Please help on gibberish character problem

Hello everyone,

I need some help on determine and solve an encoding problem with filenames in Simple Chinese characters in my system.

I got a .zip file with the name in Simple Chinese (SC) characters. And it contains several documents with names in SC, too.

After unzipping the .zip file, I got a folder with name in unreadable characters when it should be SC characters. And all the files in it appear in unreadable names, too. However, when I unzip the .zip file in Windows, both of the folder name and the names of the files in it are shown in correct SC characters.

I am using KDE Plasma 5 with openSUSE Tumbleweed. Currently, the system is with an English locale as the preferred language. But situations are the same even when I set SC as the preferred language in Regional Settings. And I use Dolphin and Ark for browsing and unzipping the file(s).

But Dolphin and Ark can handle SC characters well when I perform zip/unzip operation in Linux. And sometimes, they can handle the files correctly from Windows as well. But I have no idea what’s the difference because the files are from different colleagues.

I want Dolphin and Ark to handle zip files copied from Windows correctly, but I know little about encoding/decoding. Could anyone please help me understand the problem or provide me with a solution?

In case it helps, I uploaded an example here: http://s000.tinyupload.com/index.php?file_id=00535108858236658015

Regards,
cnzhx

your zip file is marked as malicious in chrome and cannot be downloaded. (NOT GOOD)
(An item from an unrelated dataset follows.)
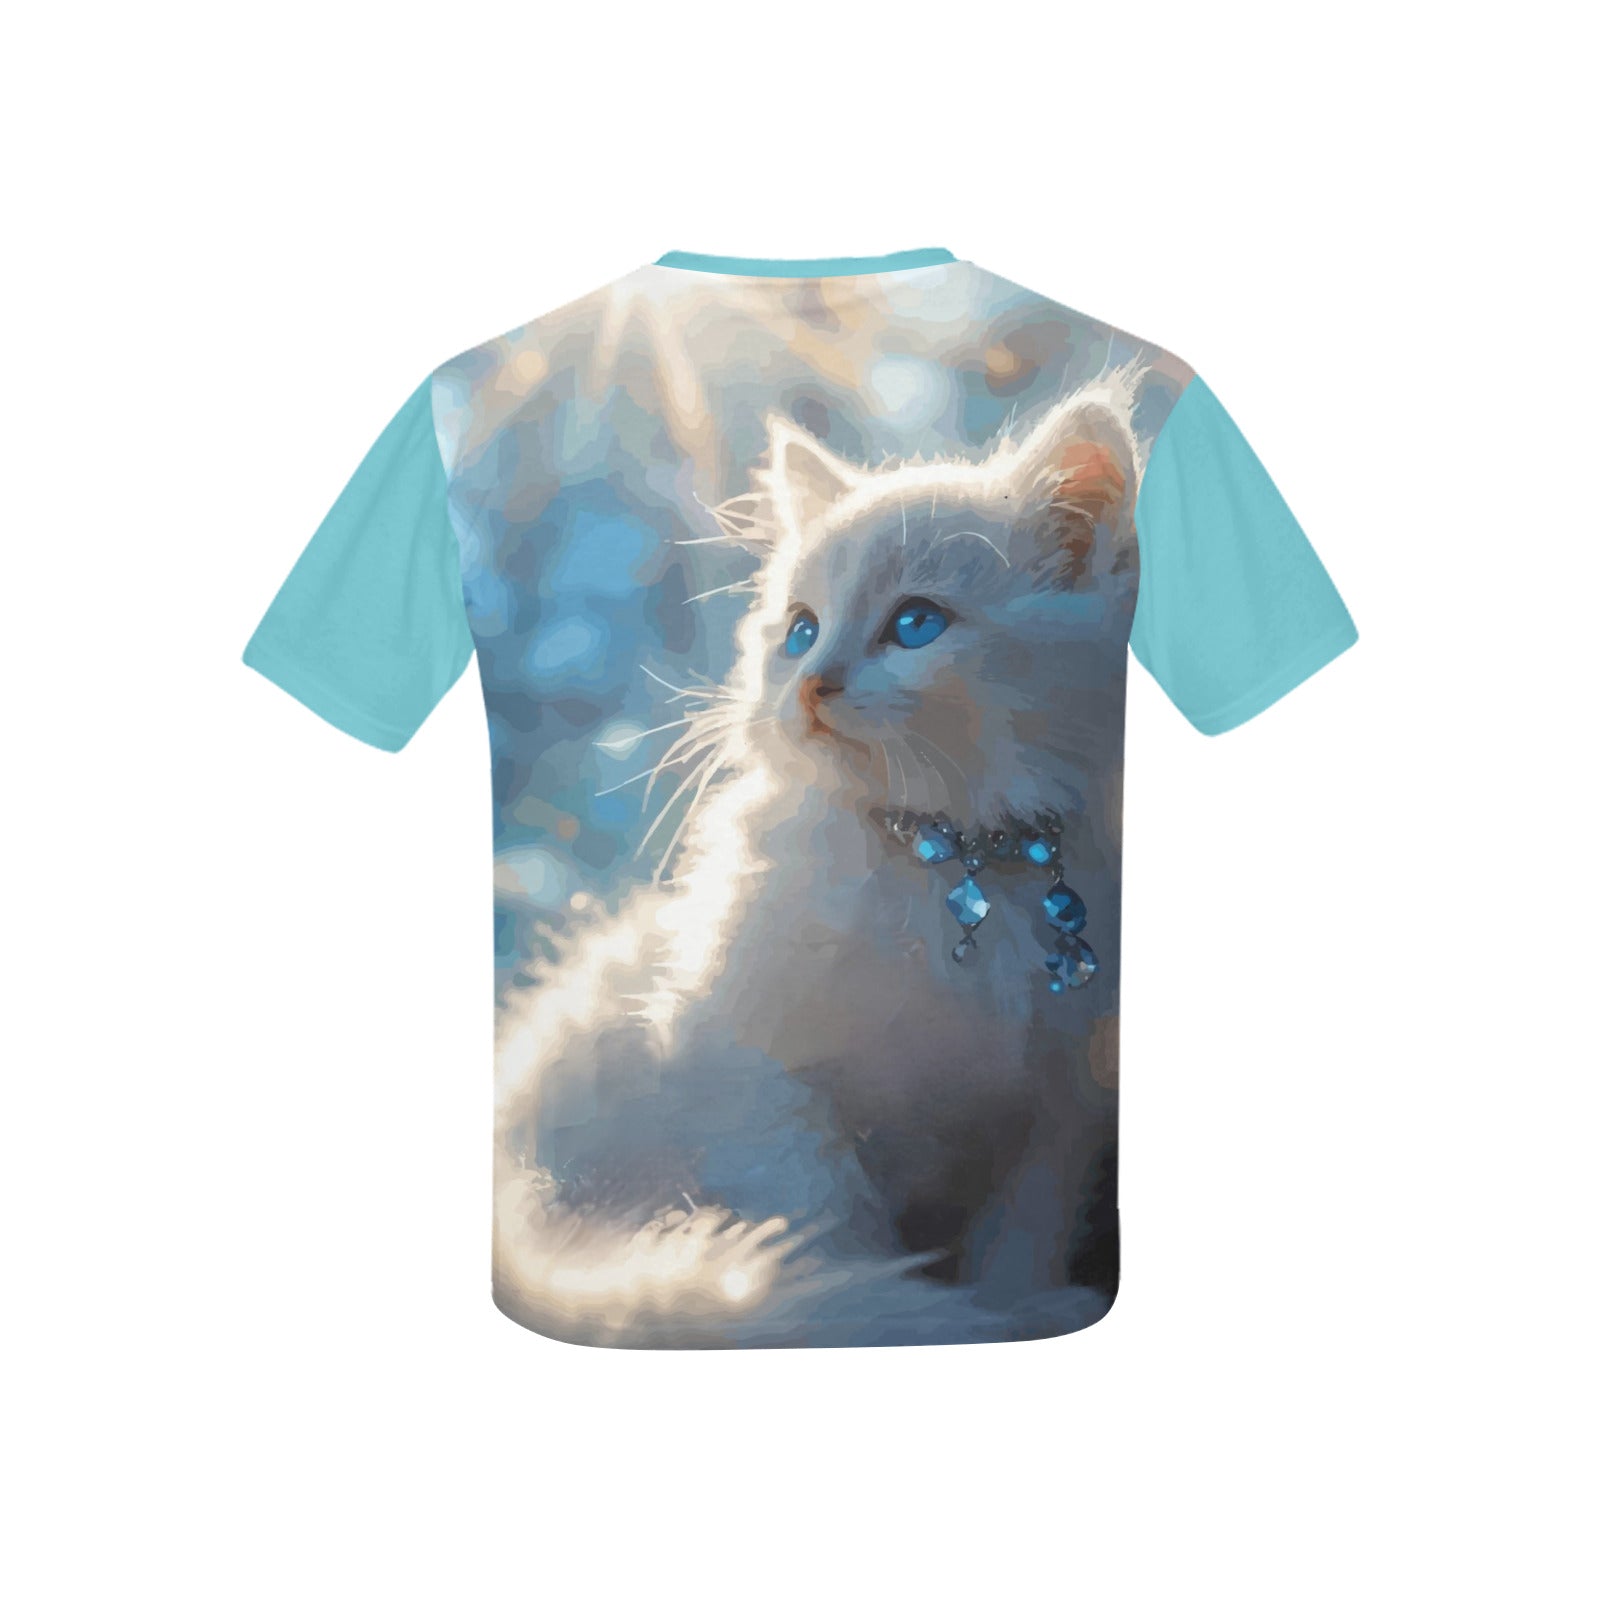 Child's Fluffy White Kitten Printed Shirt (Made in USA)

at a guess linux expects utf-8. your collegue maybe has old (xp?) or something and it is encoded as GB2312, or other. UTF-8 is the saviour from the mess of **** encodings and was written by rob pike of unix/system9/golang fame.

Sorry for the inconvenience. I thought the first result from Google search of “file hosting” could be trusted. Here is the share link from my Google Drive: https://drive.google.com/file/d/0BzHP4DvFrhxbY2xxNmlJNHl2ajg/view?usp=sharing

Your guess sounds very reasonable. Do you happen to have a solution on this? Or if not, should it be fixed in Ark or Dolphin, or somewhere else? I could not figure out the mechanism by which applications deal with character encoding.

encoding comes up all the time in e.g. python programming but i know not in OS context. I dont think it is so much an opensuse problem as a file/encoding, linux/encoding, kde/encoding problem - so spread your search. e.g. a quick google of “open zip file linux encoding” gives: http://unix.stackexchange.com/questions/251969/how-can-i-correctly-decompress-a-zip-archive-of-files-with-hebrew-names (which actually recommends some bash commands).

Thanks a lot ndc. It looks like I was digging toward the wrong direction. Based on the explanation in the post you provided, it is not a system / application problem, but a problem between systems / applications. If I am not getting this wrongly, without knowing the original encoding, it is not possible to decoding the filenames easily.

I tried several known encoding, such as gb2312, gb18030, big5, gbk, without success. I guest the most convenient way is to unzip them in Windows.